39 Watt - Fluorescent Light Bulb - Linear - T5 HO - 85 CRI
I haven't replaced lights in so long I wouldn't really know where to go?I'm all led or using my flourecents/cfl on my breeding tanks,and never change the bulbs!


----------



## lonedove55 (Jan 25, 2012)

Thanks CB and chenowethpm . Yeah, not looking to spend a fortune on LED right now! I'm told Tru Lumen and the Geisemann (sp) are good, but have never tried them. These Zoo Med say Germany on them and up til recently have been really good at growing plants (the Ultra Sun 6500K). Guess I'll have to go shopping!


----------



## majerah1 (Oct 29, 2010)

Geissman are the best you can buy according to most planted people. I myself love the Trulumens as they never posed any issues to me.


----------



## big b (Jun 28, 2014)

well i guess i better pay attention i have been doing a bit of research on my onw about what bulbs i should switch out to.i have bulbs that came with the tank kit.they are good but i am getting in to plants now so i want them to grow nicely.


----------



## majerah1 (Oct 29, 2010)

Brian, you may need a whole new fixture instead of just the bulbs ( not sure what your fixture is). I liked my Current USA T5HO a lot and I have had an Oddysea fixture ( two actually) and both have ballast issues. Right now on my 40 breeder I have a Current USA LED and I love it. I have just purchased an Aquatic Life LED to see how it is. For the price ( Ebay was running a deal of 80% off so I had to give it a shot. ) and if I like it, since it was only $23.00 I may get a second one. 

For plants though be prepared to upgrade to a new fixture if yours is just the stock one with the tank.


----------



## big b (Jun 28, 2014)

well this is what i have on my 20 gallon Aqua Culture 20/55 Gallon Aquarium Hood - Walmart.com and i have the hood that came with the kit on 5,and 10 gallon.my 29 gallon has this Aqueon® Fluorescent Deluxe Full Aquarium Hood | Hoods & Glass Canopies | PetSmart do you think that the light on my 29 gallon is good it costed 50 bucks.


----------



## majerah1 (Oct 29, 2010)

The LED one I have seen but doubt it would grow anything more than simple java moss. As for the hood on the 29, sadly, I had the same and it was horrible. That is why I got the T5 HO fixture. 

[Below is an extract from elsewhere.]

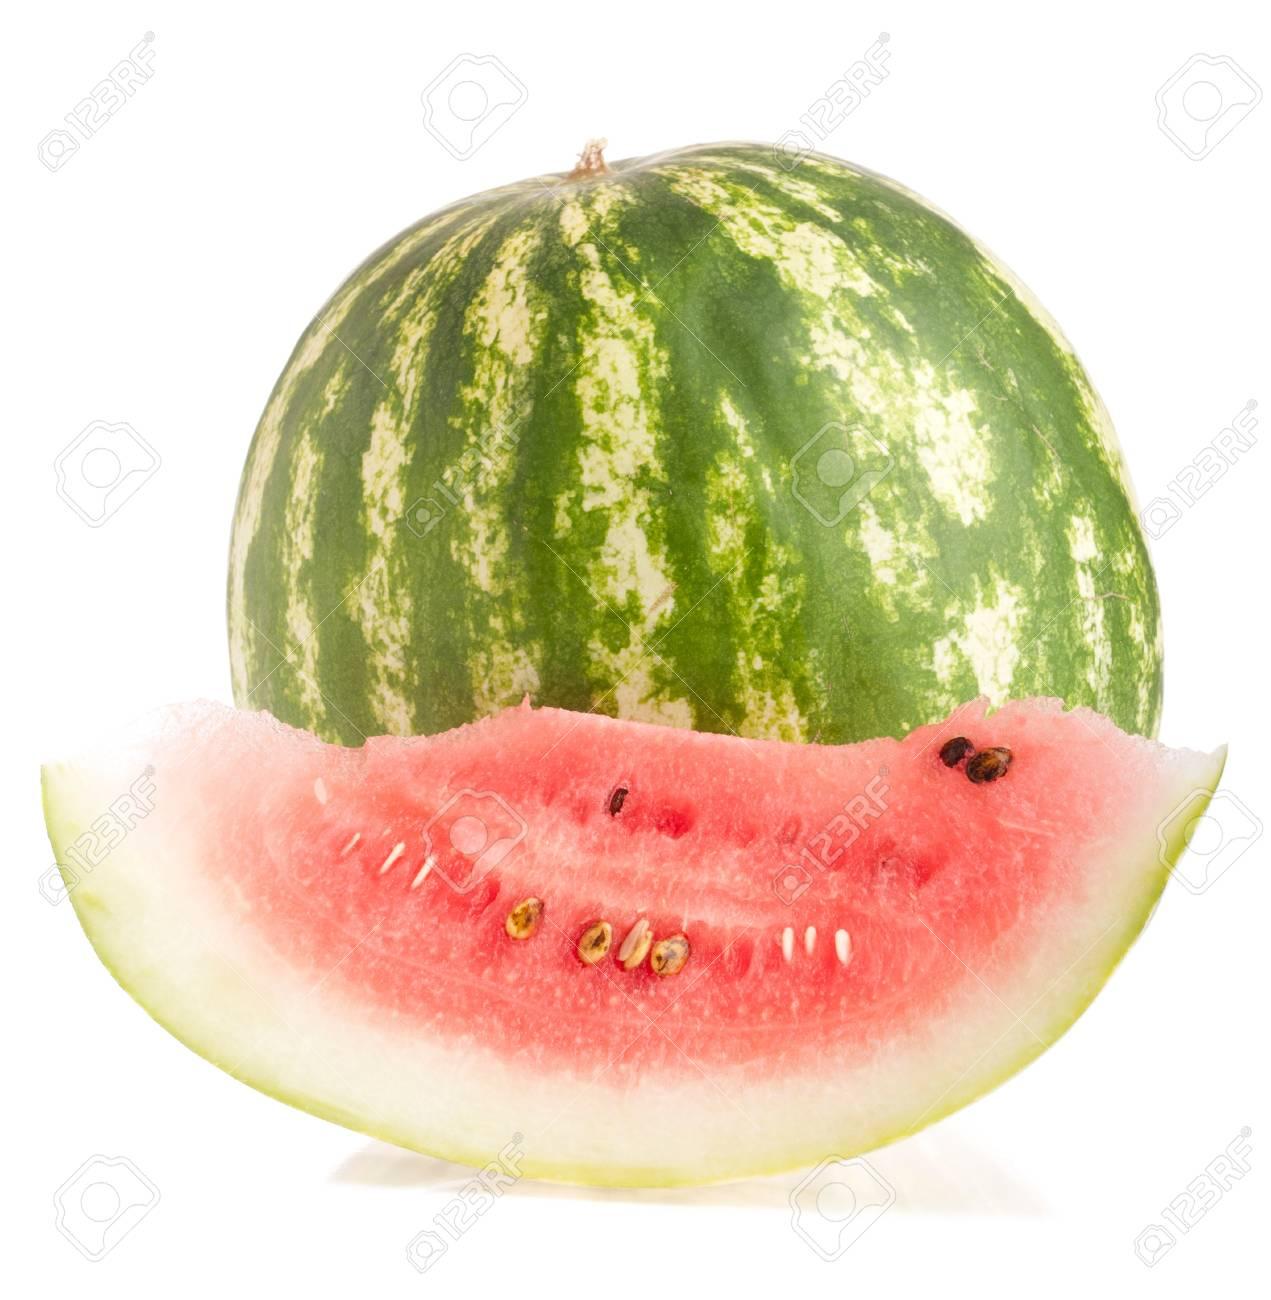 whole and slice watermelon fruit (isolated on white background) Stock Photo - 9966742

Depending on how much you want to spend, you can upgrade to something that will grow plants much better than your setups now.


----------



## big b (Jun 28, 2014)

well actually i think that i dont need anything more,i am happy with what i have,if i ever do want to change something about the lighting i will start a new thread.i was kinda high jacking this thread.sorry about that lonedove55.


----------



## lonedove55 (Jan 25, 2012)

Naaaa...you're OK Brian. Highjack away! Never know, I might just learn something new. LOL


----------



## oldpunk (Dec 9, 2012)

I've had good luck with current and hagen t5ho bulbs (haven't actually had a hagen burn out on me yet...). The coralife are the worst followed by the zoomed. Catalina's are good for the price but you'll have to pay shipping. The Geisemann are the best but you need to run a specific combo and they ain't cheap.


----------



## Gizmo (Dec 6, 2010)

Paula, are you sure it's not the ballast? If you're losing bulbs left and right on one fixture in particular, the systemic problem seems to be the fixture itself, not the bulbs.


----------



## lonedove55 (Jan 25, 2012)

Gizmo said:


> Paula, are you sure it's not the ballast? If you're losing bulbs left and right on one fixture in particular, the systemic problem seems to be the fixture itself, not the bulbs.


I thought of that too. But when I changed out the zoo med and ran the light for awhile with older bulbs I had on hand, I have no problem at all with the light.







I know you're not supposed to use old outdated bulbs, but _something_ is better than nothing until I get the new bulbs in. I didn't want to go too long without _any_ light as the tank is heavily planted and is located in a dark corner.


----------



## lonedove55 (Jan 25, 2012)

majerah1 said:


> I have just purchased an Aquatic Life LED to see how it is. For the price ( Ebay was running a deal of 80% off so I had to give it a shot. ) and if I like it, since it was only $23.00 I may get a second one. .


Wow Bev! Got a Ebay link for that light? Maybe that seller has more than one! Sweeet!


----------